En la sesión de hoy hubo varias intervenciones que me parecen aclaran esta cuestión. Como todo ser vivo, el humano está abierto a las experiencias de la vida. Ello quiere decir que, en principio, no tiene nada en contra de la incorporación de experiencias cualesquiera, y tiene una disponibilidad de integrar lo que la vida le aporta. Cuando uno observa un bebé, un niño pequeño, lo que ve es un ser ávido de conocimientos, ávido de experiencias, y que no le tiene miedo a las cosas. Está abierto a ellas. No se cuestiona si una situación le va a dañar su identidad o no. Simplemente la vive y, en base a lo que esta experiencia le ha aportado, la integra y se dispone a integrar las siguientes; o comienza a protegerse ante aquellas situaciones que le han generado o le pueden generar una experiencia desagradable.
La integración de las experiencias requiere un complejo proceso psíquico por el que nuestras estructuras mentales, las redes asociativas de elementos afectivos asociados a las experiencias y las de las experiencias mismas, deben readaptarse ante una nueva vivencia que se nos presenta. Ello requiere la capacidad psíquica de desprenderse de lo que ya no nos es útil ; y si no nos desprendemos de ello, reubicarlo para facilitar la integración de algo nuevo. Es como si hiciésemos sitio en el armario para poder incluir (y aquí sí que es incluir) ropa nueva. Pero ello se realiza con un esfuerzo que, en ocasiones, nos pone a prueba en tanto que activa no sólo cuestiones que creíamos dormidas —caramba, ¿y ahora qué hago con esa cosa?—, sino que nos pone en evidencia ante nosotros mismos y los demás. Y esto genera mal rollo, genera malestar y un cierto enfado. No nos suele resultar fácil el vernos ante la tesitura de tener que incorporar, integrar algo; sobre todo cuando este algo no lo hemos pedido.

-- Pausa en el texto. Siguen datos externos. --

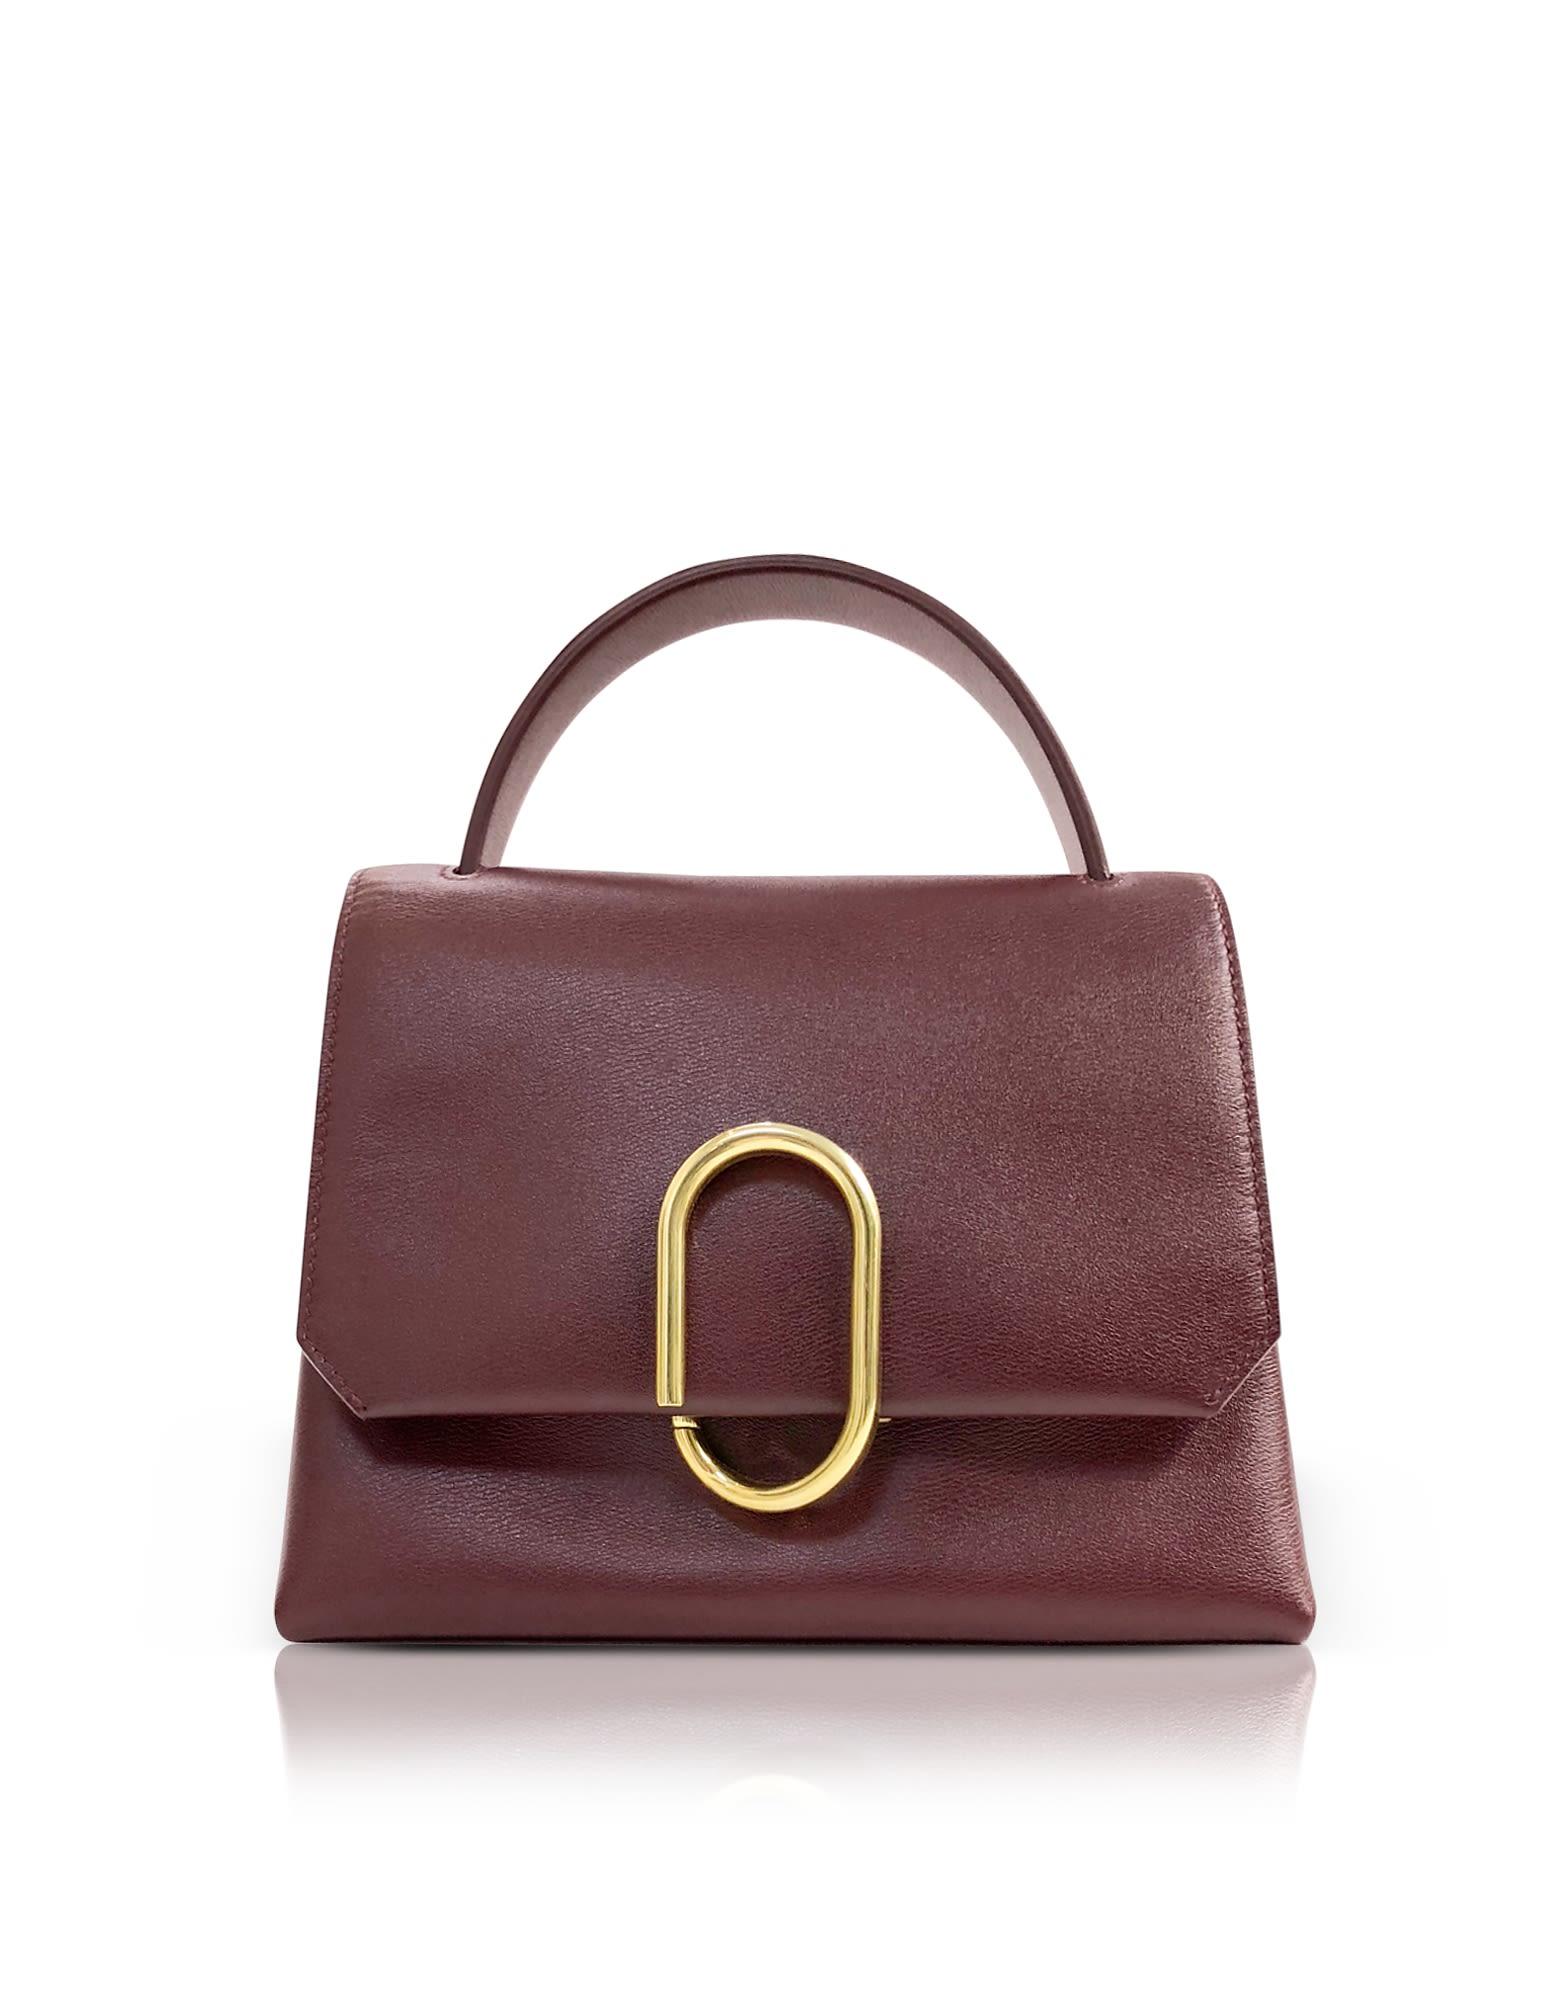 Bordeaux Alix Mini Top Handle Satchel Bag in Red

Cuando la vida nos lo propone.
Y ahí emergen una serie de fantasmas.
Uno de los fantasmas es el de la pérdida de la identidad. Como si la identidad fuese algo estático. Una persona, o mejor, un profesional que mantiene esta situación estática, es un mal profesional. Si las diversas experiencias que les va a proponer o colocar las organizaciones o los pacientes no van a suscitar en Uds. cambios importantes, mejor dejamos esta profesión y nos dedicamos a otra cosa. Si no soy capaz de aprender de lo que a diario me enseñan, mejor abandono el puesto de profesor. La identidad no es algo estático, sino cambiable, modificable. Si abro la ventana para que se renueve el aire, el aire no se va de golpe y entra, de sopetón otro nuevo; se va intercambiándose con el del exterior. Y nunca me quedo sin aire en la habitación. Las experiencias modifican el aire de mi mente, cambian mis formas de ver la vida, de percibir mi entorno, de la intensidad y calidad de mis afectos.

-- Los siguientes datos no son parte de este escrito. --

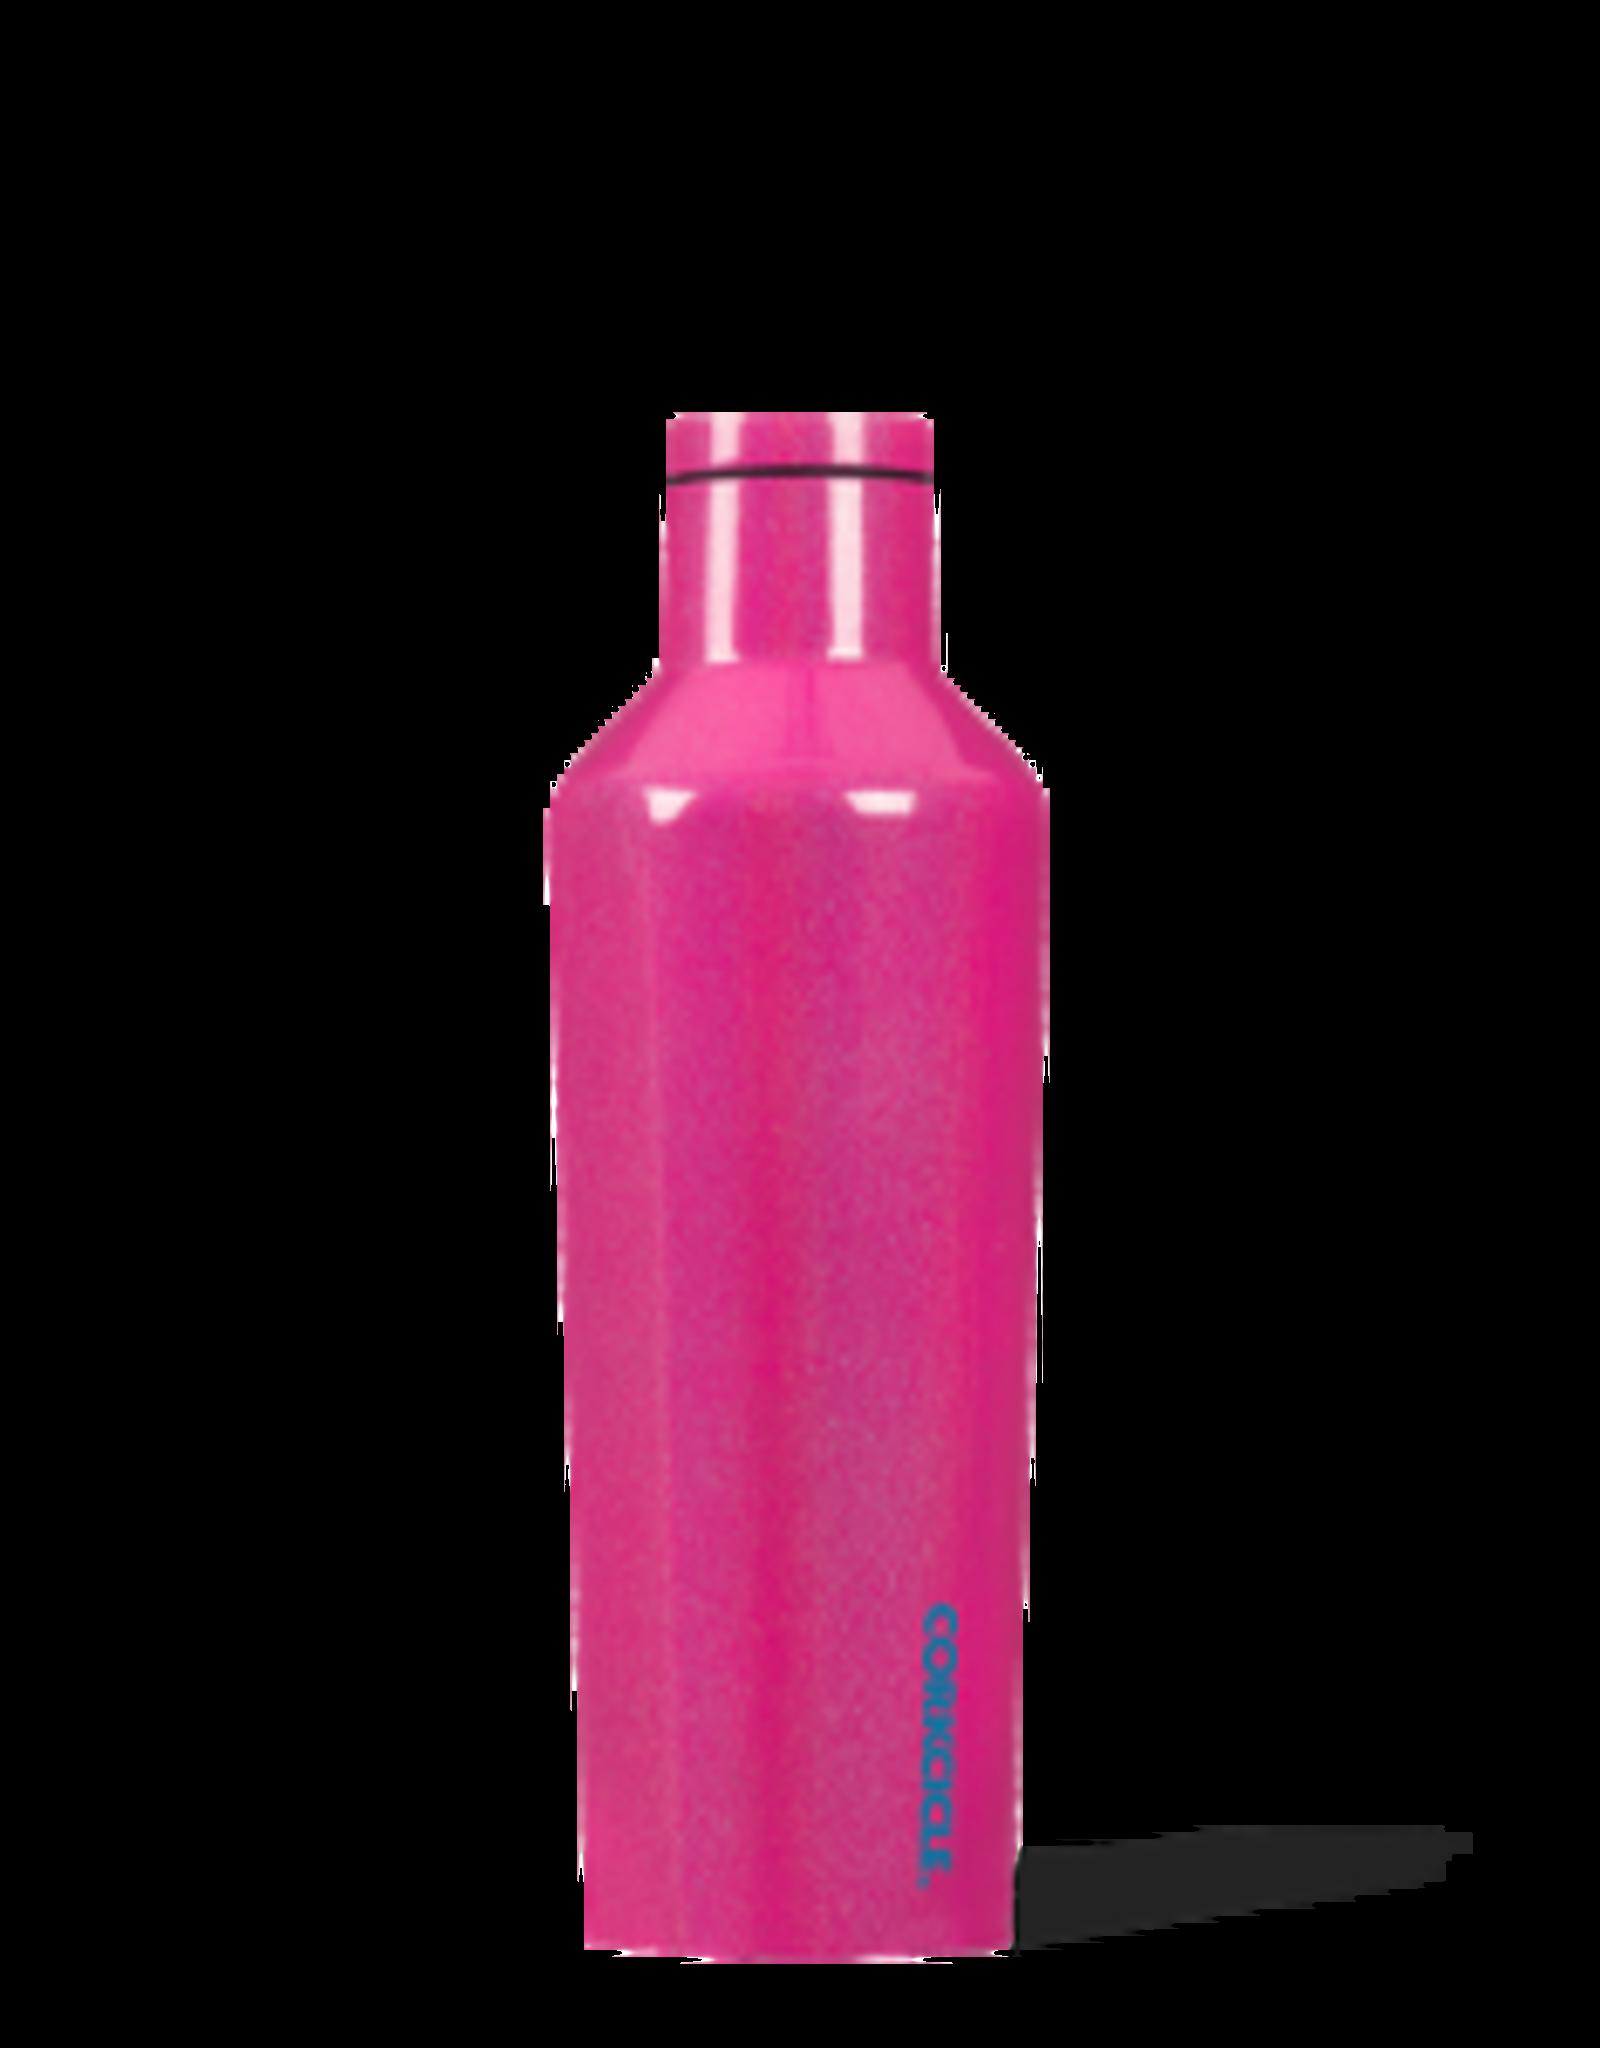 Corkcicle Canteen- 16oz Unicorn Sparkle Pink

Esta fantasía de pérdida de la identidad no está muy lejos de la de disolución de la misma. Sólo en los estados psicóticos uno tiene la sensación de disolución de su identidad; pero no estamos hablando de ninguna situación psicótica. Sino neurótica. Sin embargo fíjense que esa idea aludiría a la fantasía de la no existencia de una membrana psíquica protectora; que no es nuestro caso. Pero estas cosas suceden cuando el nivel de ansiedad es elevado, y uno de estos niveles lo encontramos en las situaciones de migración, en ocasiones cuando alguien se encuentra en zonas de mucha aglomeración de personas, o en lugares en los que uno no puede encontrar referentes culturales que le reaseguren como sujeto.

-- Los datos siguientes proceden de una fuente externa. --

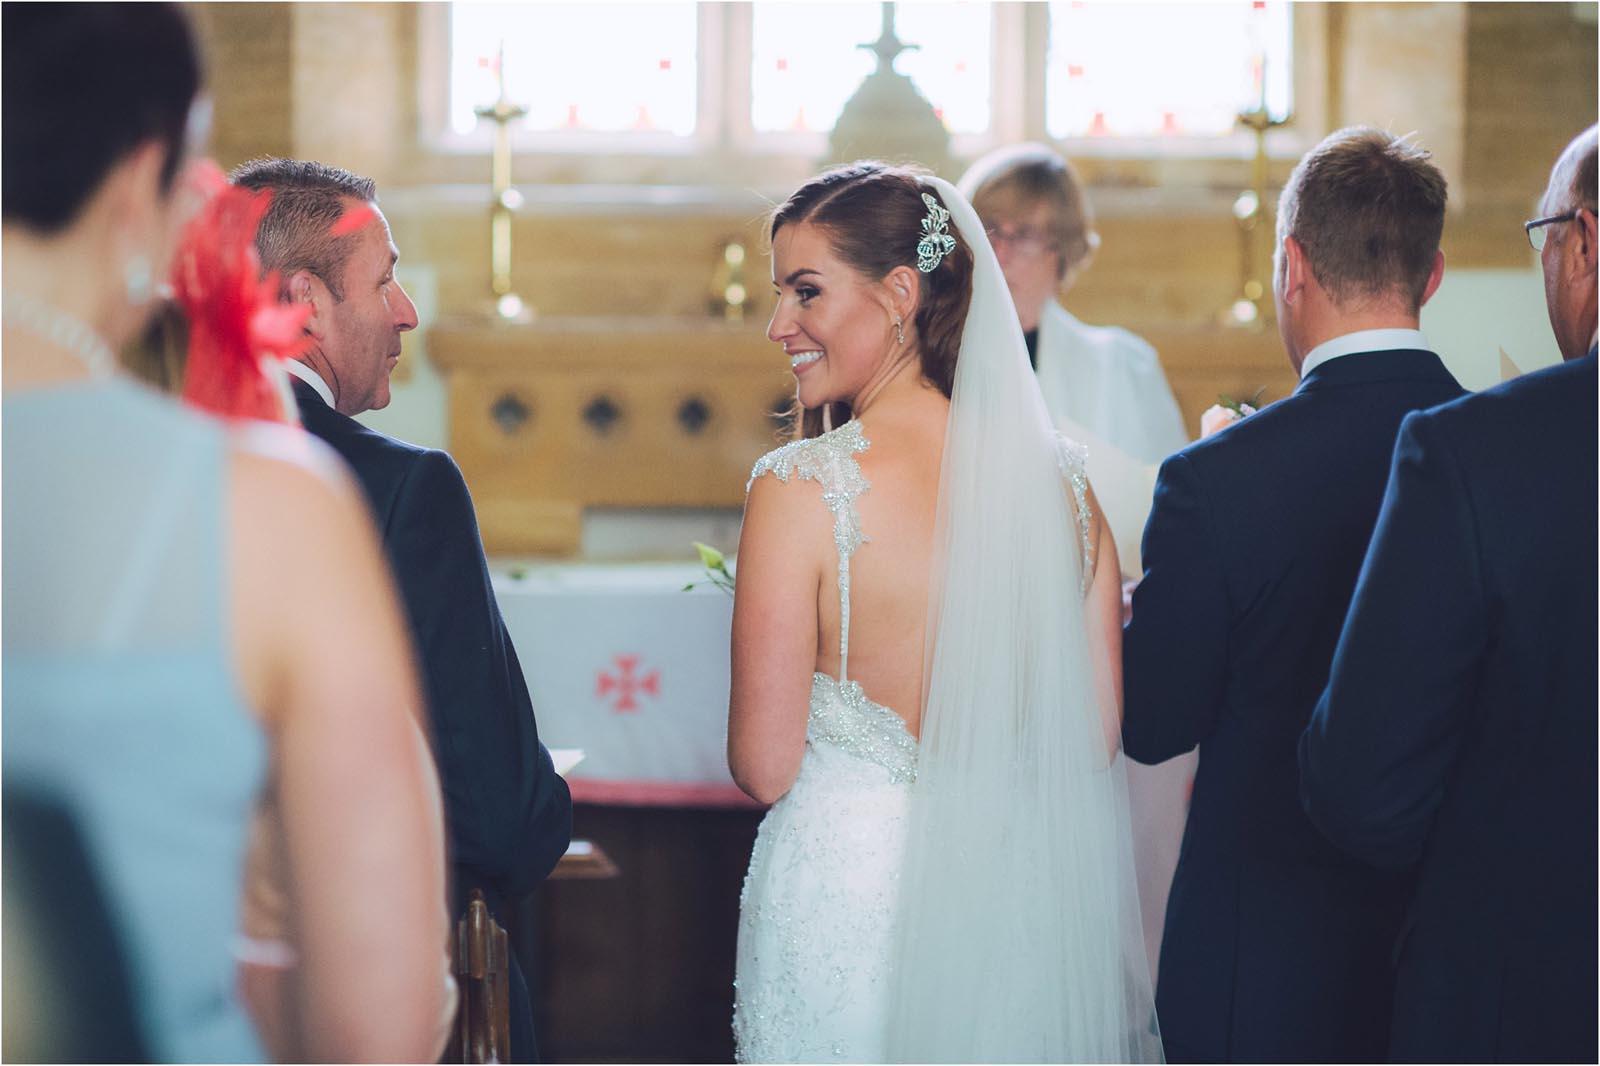 Simon biffen wedding photography 0062

El emigrante, quien acude a otro país, se encuentra en situaciones similares. Al perder sus referencias habituales, tanto culturales como geográficas, sociales, políticas, de idioma etc., comienza a generar fantasías de pérdida de identidad, de posible disolución de sus características en las de otros. En ocasiones, cuando encuentra personas afines a sus referencias anteriores, se agrupa con ellos y forma comunidades que, en ocasiones, sirven no tanto como refugio cuanto negocio particular para algunos avezados. Es una reacción normal. ¿Acaso no son algo similar las casas regionales que hay en cualquier lugar del mundo, o las peñas futboleras? Y estos subgrupos coexisten con la reacción del grupo acogedor o supuestamente acogedor. En muchas ocasiones este segundo grupo alude a la pérdida de sus señales de identidad si estas personas no se «integran» en su cultura; haciendo de ésta algo estático, inamovible. Y a ello colaboran no pocos políticos y hombres públicos que utilizan esta dificultad de integrar lo ajeno como elemento personal.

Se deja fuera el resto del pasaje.